* DATASET EXCERPT:
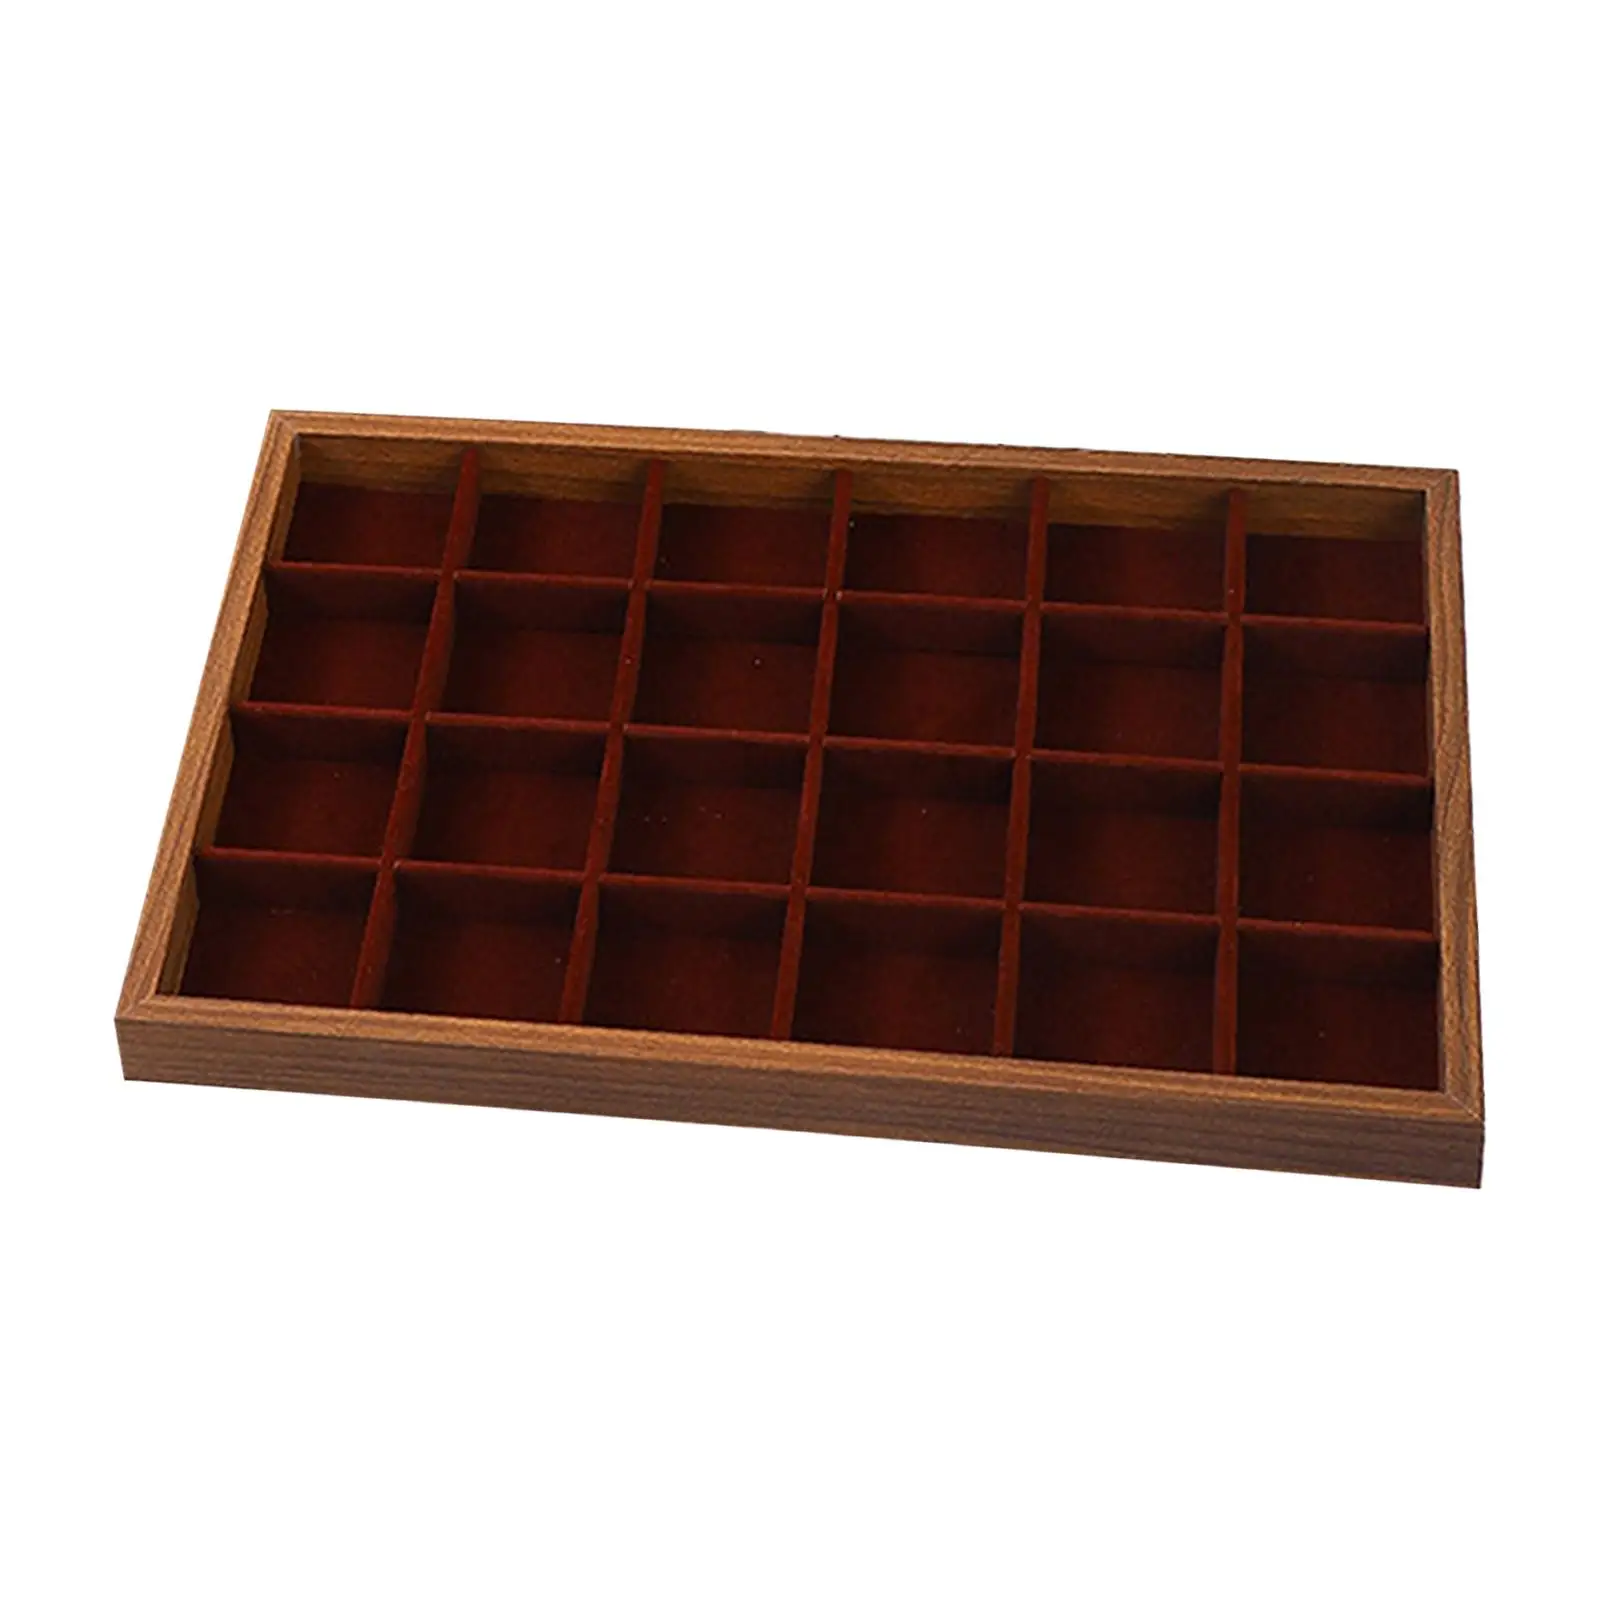 

24 Grid Jewelry Organizer Tray Wood Accessories Jewelry Display Showcase Tray for Vanity Countertop Home Bedroom Drawer Bracelet
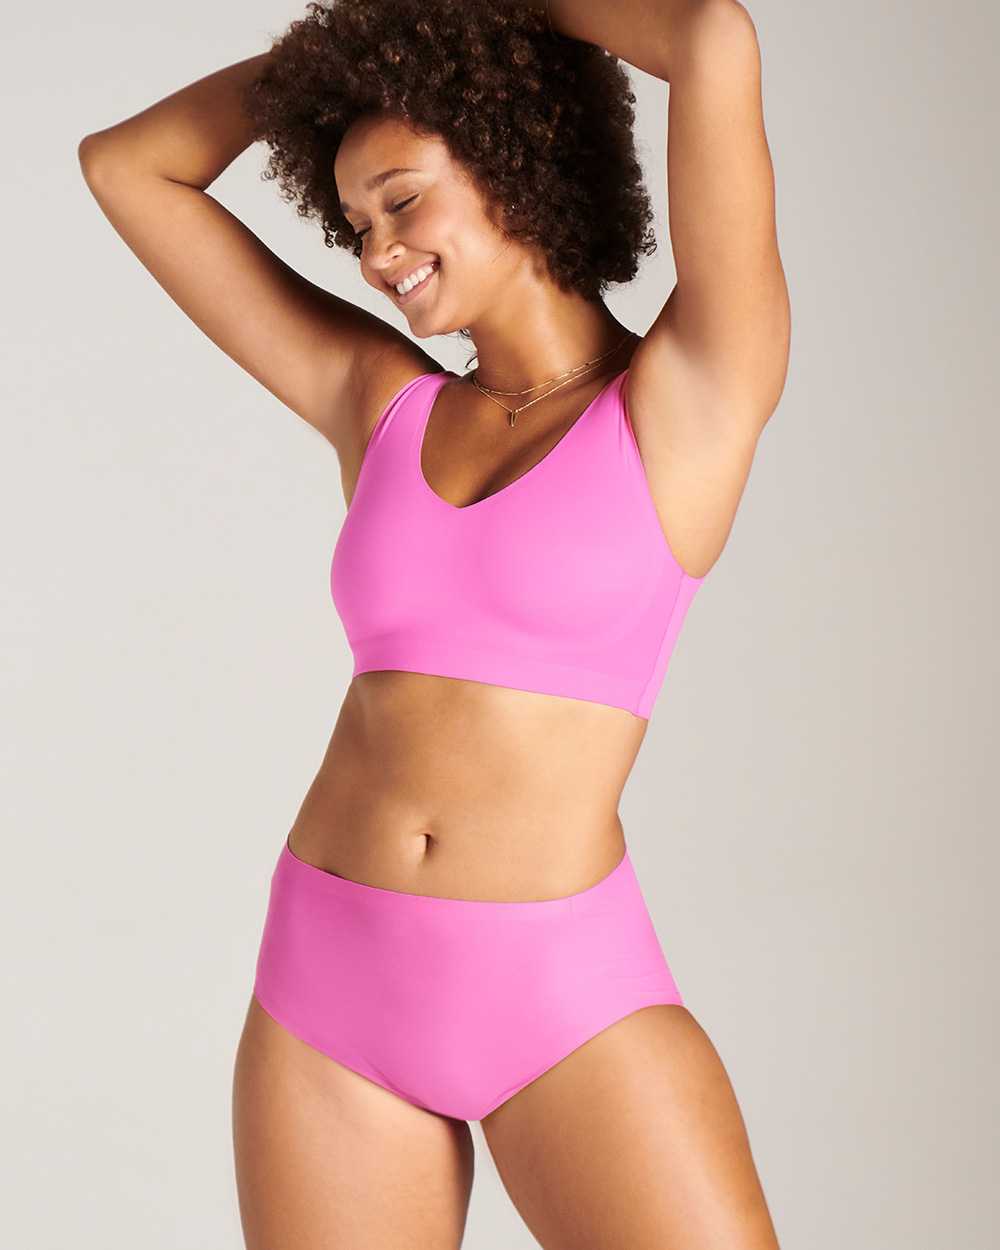 Soma<sup class=st-superscript>®</sup> model wearing a pink bralette and matching brief panties.
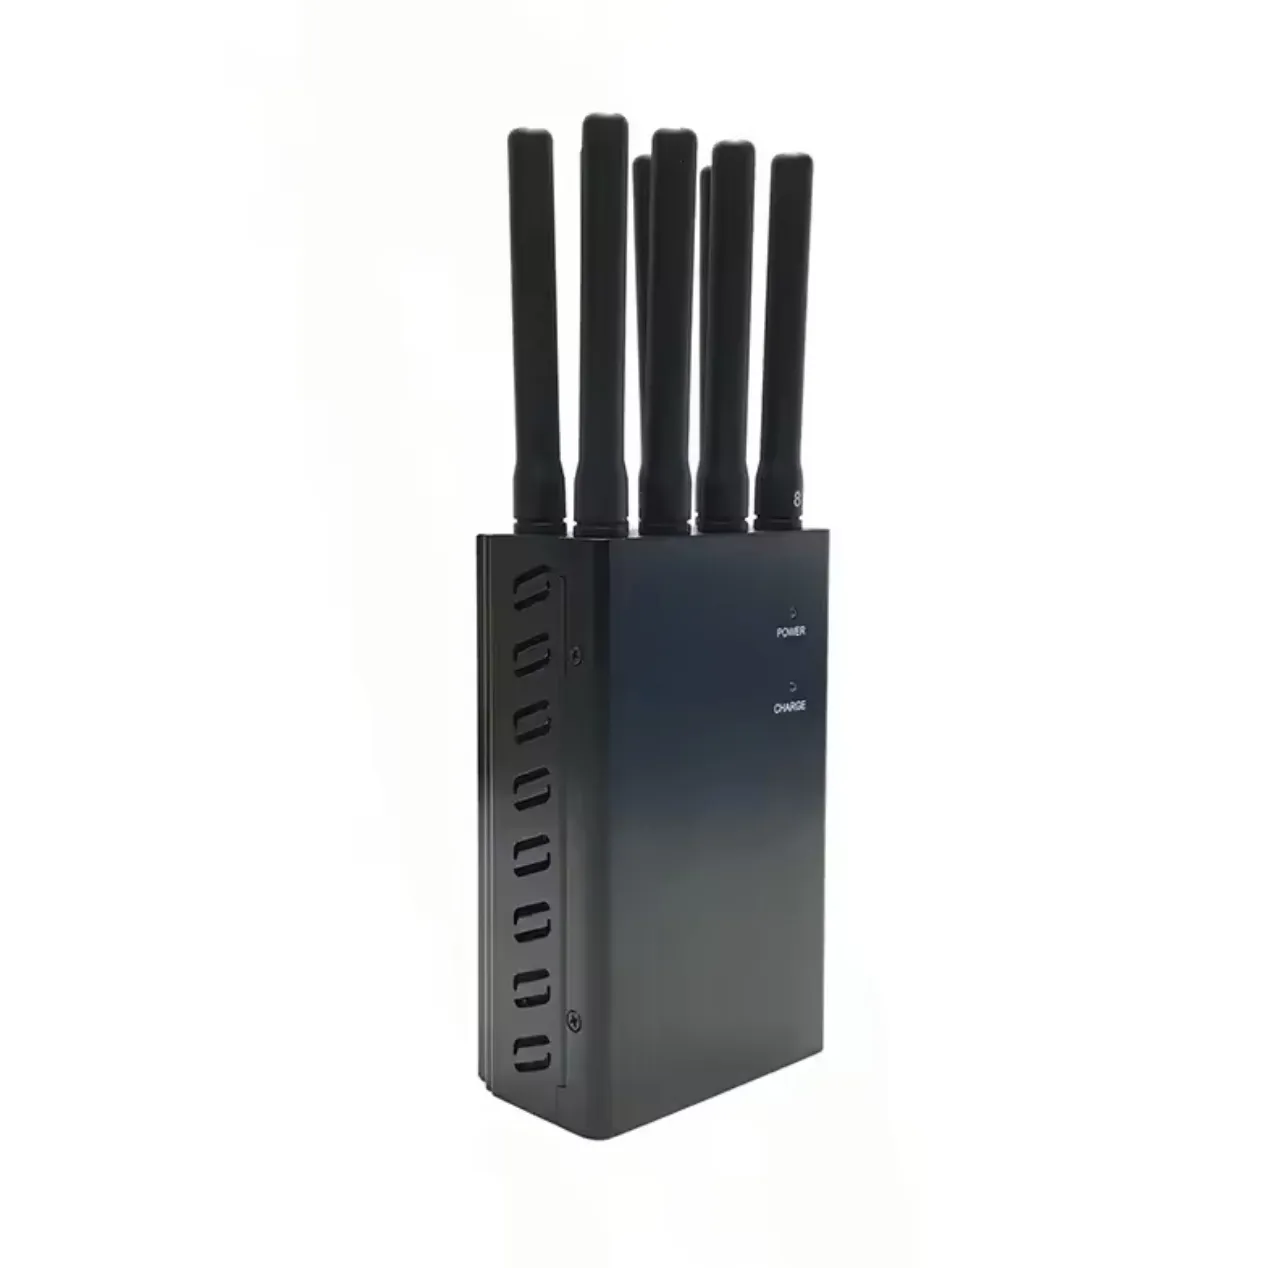 S8 Portable 8 Antennas Signal Blocking 2G 3G 4G Mobile Phone GPS GSM WIFI Signal Booster Anti-Spy Device RF Repeater

* PROBLEM DESCRIPTION:
What is needed is an exact restatement of the lines from the line with "Soma<sup class=st-superscript>®</sup> model" through the final line of the data, pictures excluded.

* RESPONSE TO THIS TASK:
 Soma<sup class=st-superscript>®</sup> model wearing a pink bralette and matching brief panties.
 S8 Portable 8 Antennas Signal Blocking 2G 3G 4G Mobile Phone GPS GSM WIFI Signal Booster Anti-Spy Device RF Repeater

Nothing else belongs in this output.